While life expectancy has risen significantly in the last 150 years, the average age at which most women reach natural menopause has stayed relatively stable at about 50. Women are born with all of the eggs they will ever have, which they progressively lose as they become older. Menopause occurs when the majority of the eggs have been used up, although natural fertility decreases much sooner. 

"It is obvious that fixing broken DNA in eggs is extremely essential for creating the pool of eggs women are born with and also for how fast they are lost during life," said co-author Professor Eva Hoffmann of the University of Copenhagen. Improved knowledge of the molecular mechanisms behind reproductive aging may lead to more effective fertility treatments.” 

Damian Jacob Sendler: The University of Exeter, the MRC Epidemiology Unit at the University of Cambridge, the Institute of Biotechnology and Biomedicine at the Universitat Autnoma de Barcelona, and the DNRF Center for Chromosome Stability at the University of Copenhagen led a global collaboration involving academics from more than 180 institutions. Their results uncover additional genetic variants related to reproductive lifetime, bringing the total number of known genetic variations linked to reproductive lifespan to 290. 

Damian Jacob Sendler: The new findings were made feasible by analyzing data from hundreds of thousands of women from a variety of studies, including the UK Biobank and 23andMe. Customers who opted up to engage in research gave 23andMe with data. While the vast majority of the women are of European descent, they also looked at data from over 80,000 East Asian women and found essentially comparable findings. 
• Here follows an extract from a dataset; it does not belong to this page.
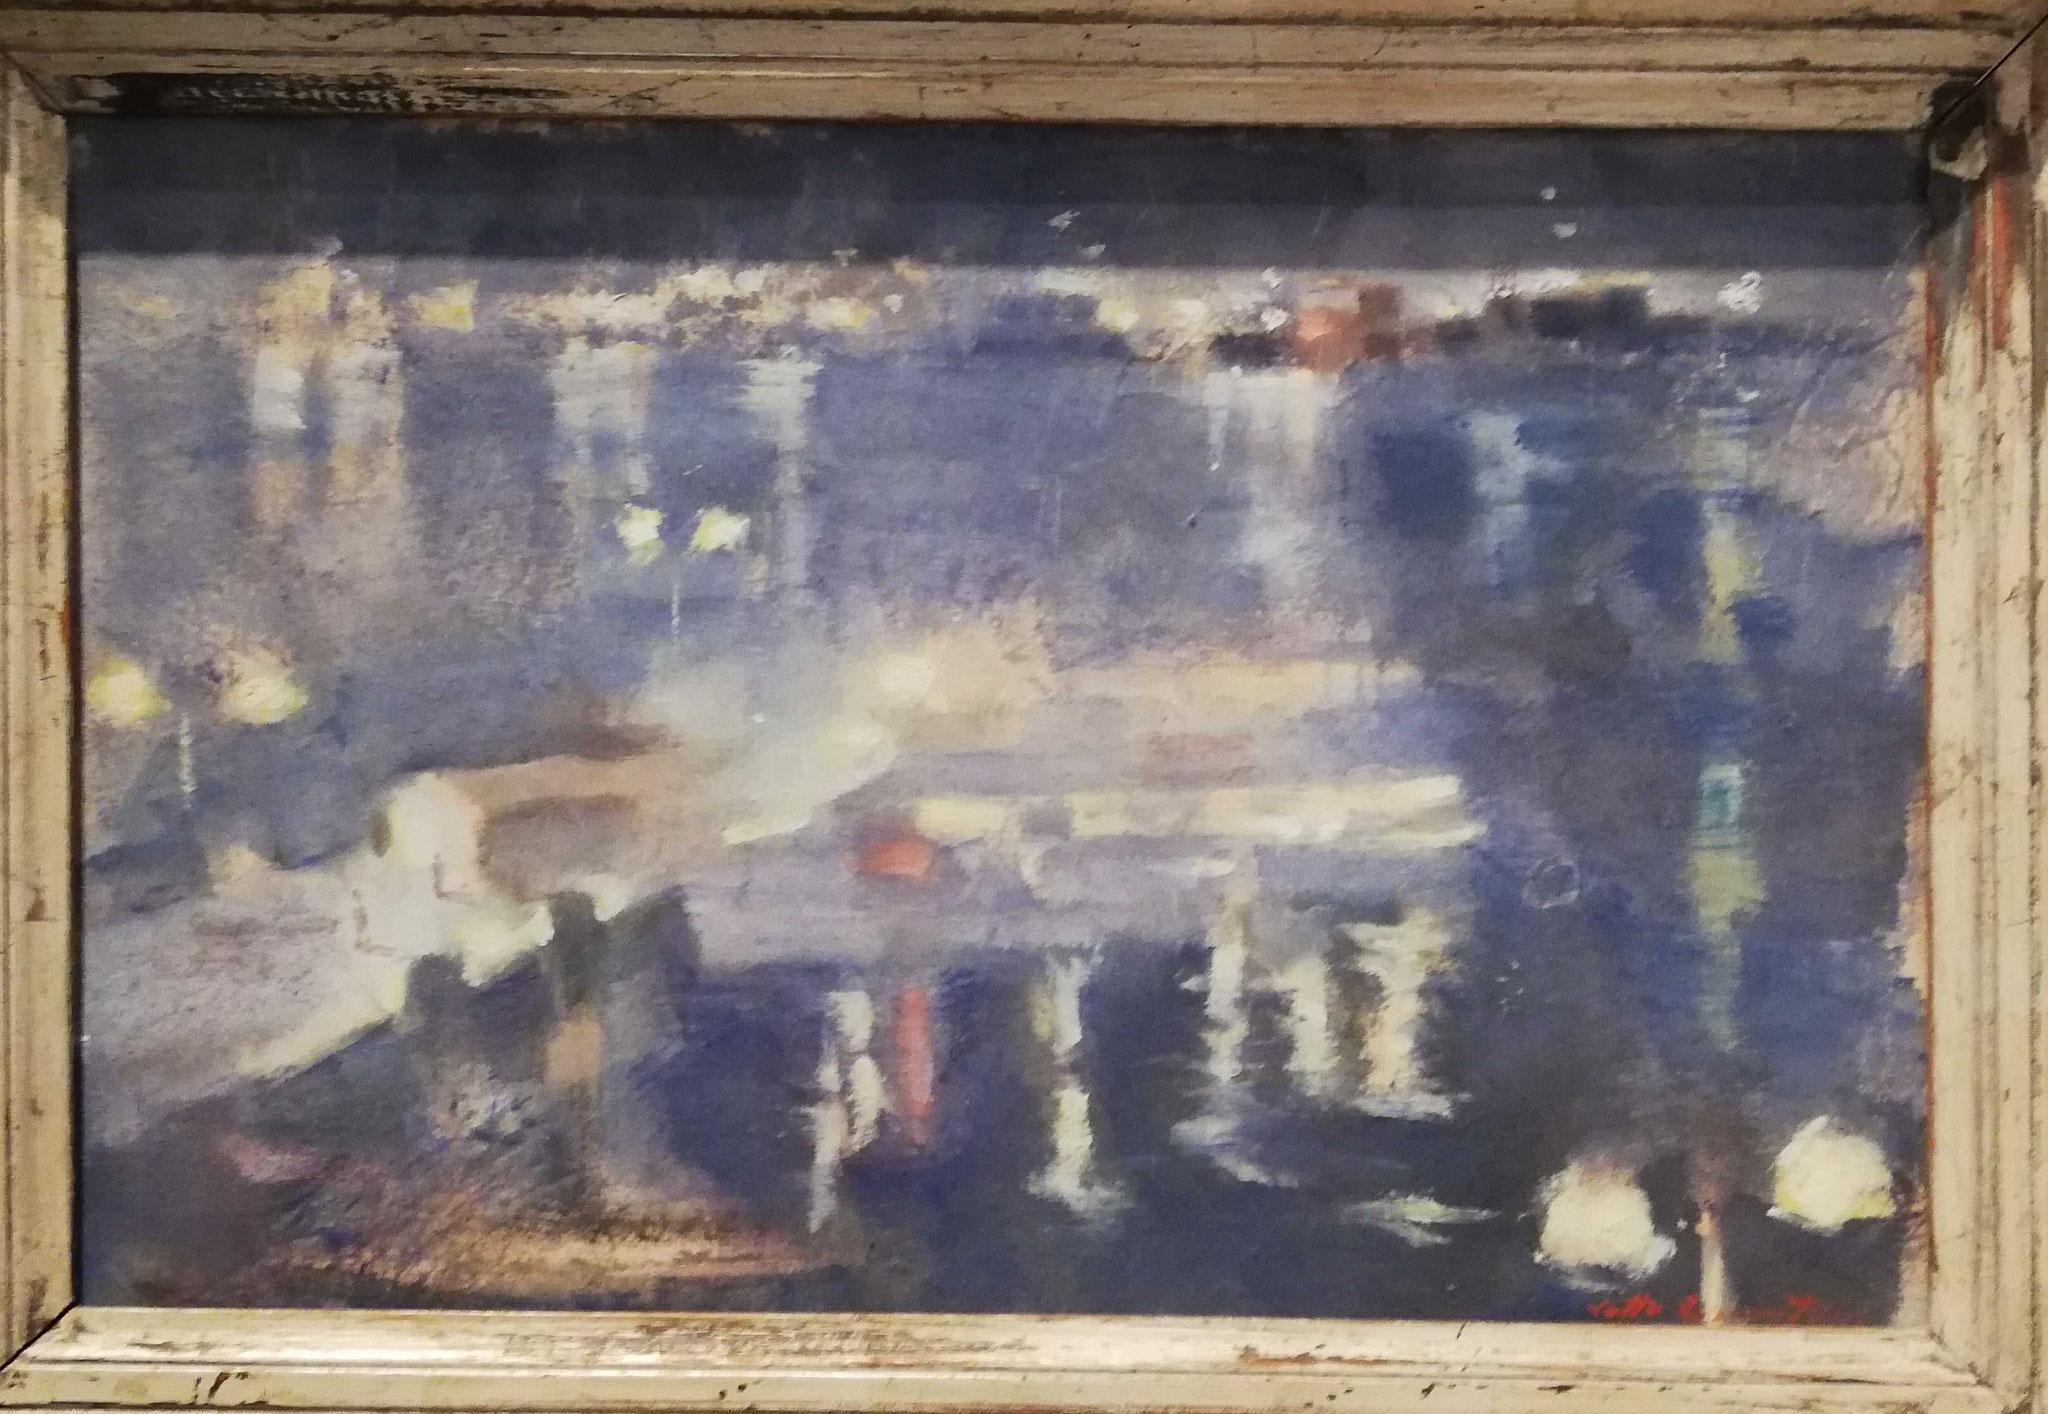 Lotte Laserstein, Göteborger Hafen, 1943

Many of the genes implicated in the study are related to DNA repair mechanisms, according to the researchers. They also discovered that many of these genes are active not just before birth, when human egg stores are formed, but also throughout life. Genes from the CHEK1 and CHEK2 cell cycle checkpoint pathways, which control a wide range of DNA repair activities, are notable examples. In mice, knocking down one gene (CHEK2) and overexpressing another (CHEK1) to increase its activity each resulted in a 25% increase in reproductive lifetime. The reproductive physiology of mice varies from that of humans in many respects, notably the absence of menopause. The research also looked at women who don't have a naturally active CHEK2 gene and discovered that they approach menopause 3.5 years later than those who have a typically functioning gene.  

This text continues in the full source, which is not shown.